The Eiffel Tower quarter

    Standing sentinel over a great bend in the Seine as it flows southwest out of Paris is the monumental flagpole that is the Eiffel Tower. It surveys the most relentlessly splendid of all Paris's districts, embracing the palatial heights of the Trocadéro, on the Right Bank, and the wealthy, western swathe of the 7e(septième)arrondissement, on the Left. These are street vistas planned for sheer magnificence; as you look out across the river from the terrace of the Palais de Chaillot to the Eiffel Tower and the huge Ecole Militaire, or let your gaze run from the ornate Pont AlexandreIII past the parliament building to the vast Hôtel des Invalides, you are experiencing city design on a truly monumental scale.

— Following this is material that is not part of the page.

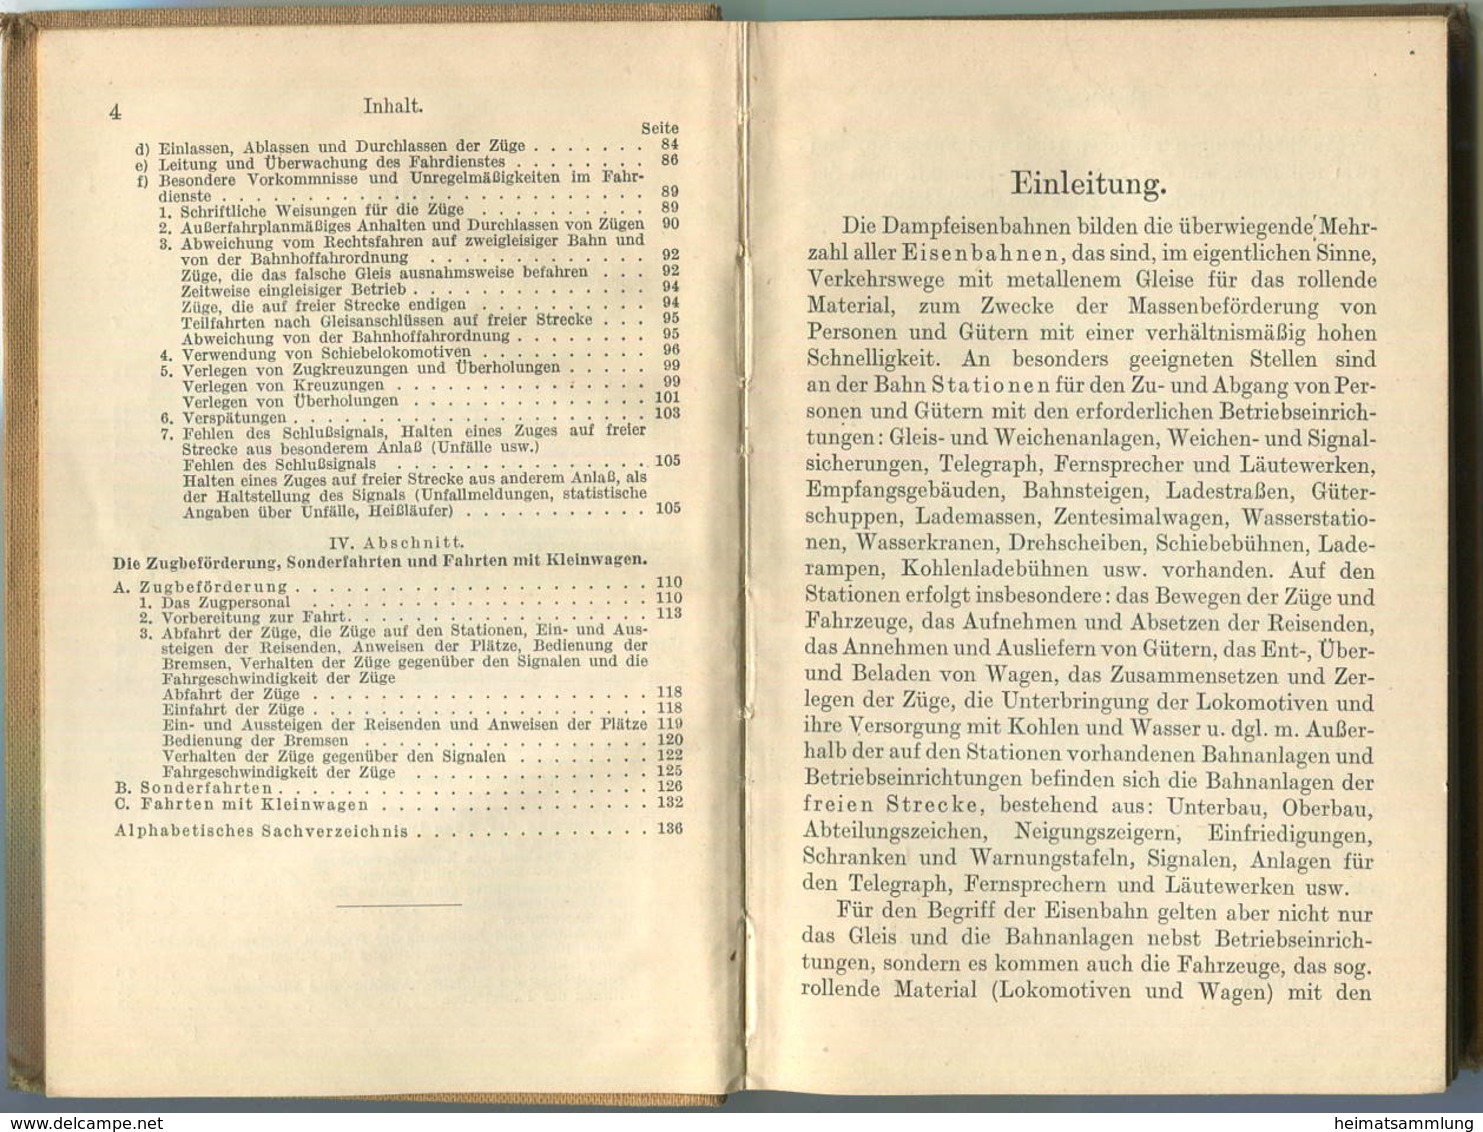 Sammlung Göschen - Der Eisenbahnbetrieb S. Scheibner 1913 - 140 Seiten Mit 3 Abbildungen - G. J. Göschensche Verlagshand - Transport

    Sparsely populated by diplomats, ministers and members of the old and new aristocracies, the area is nevertheless home to some compelling museums. Newest on the block in the Septième is the museum of "primitive" (or non-Western) art at Quai Branly, built at extravagant expense at the foot of the Eiffel Tower. At the other end of the scale, though close at hand, the city's museum of the sewer system is indeed found down in the sewers. A little further east, the huge military complex of Les Invalides is home to a gigantic war museum, while nearby the sculptor Rodin has a beautiful private house entirely devoted to his works. Across the river, in the Trocadéro quarter of the 16e arrondissement, the Musée Guimet displays a sumptuous collection of Asian Buddhist art, while the landmark Neoclassical Palais de Tokyo, Palais de Chaillot and Galliera, on the elevated north bank of the Seine, house museums devoted to modern and contemporary art, maritime life, fashion and architecture.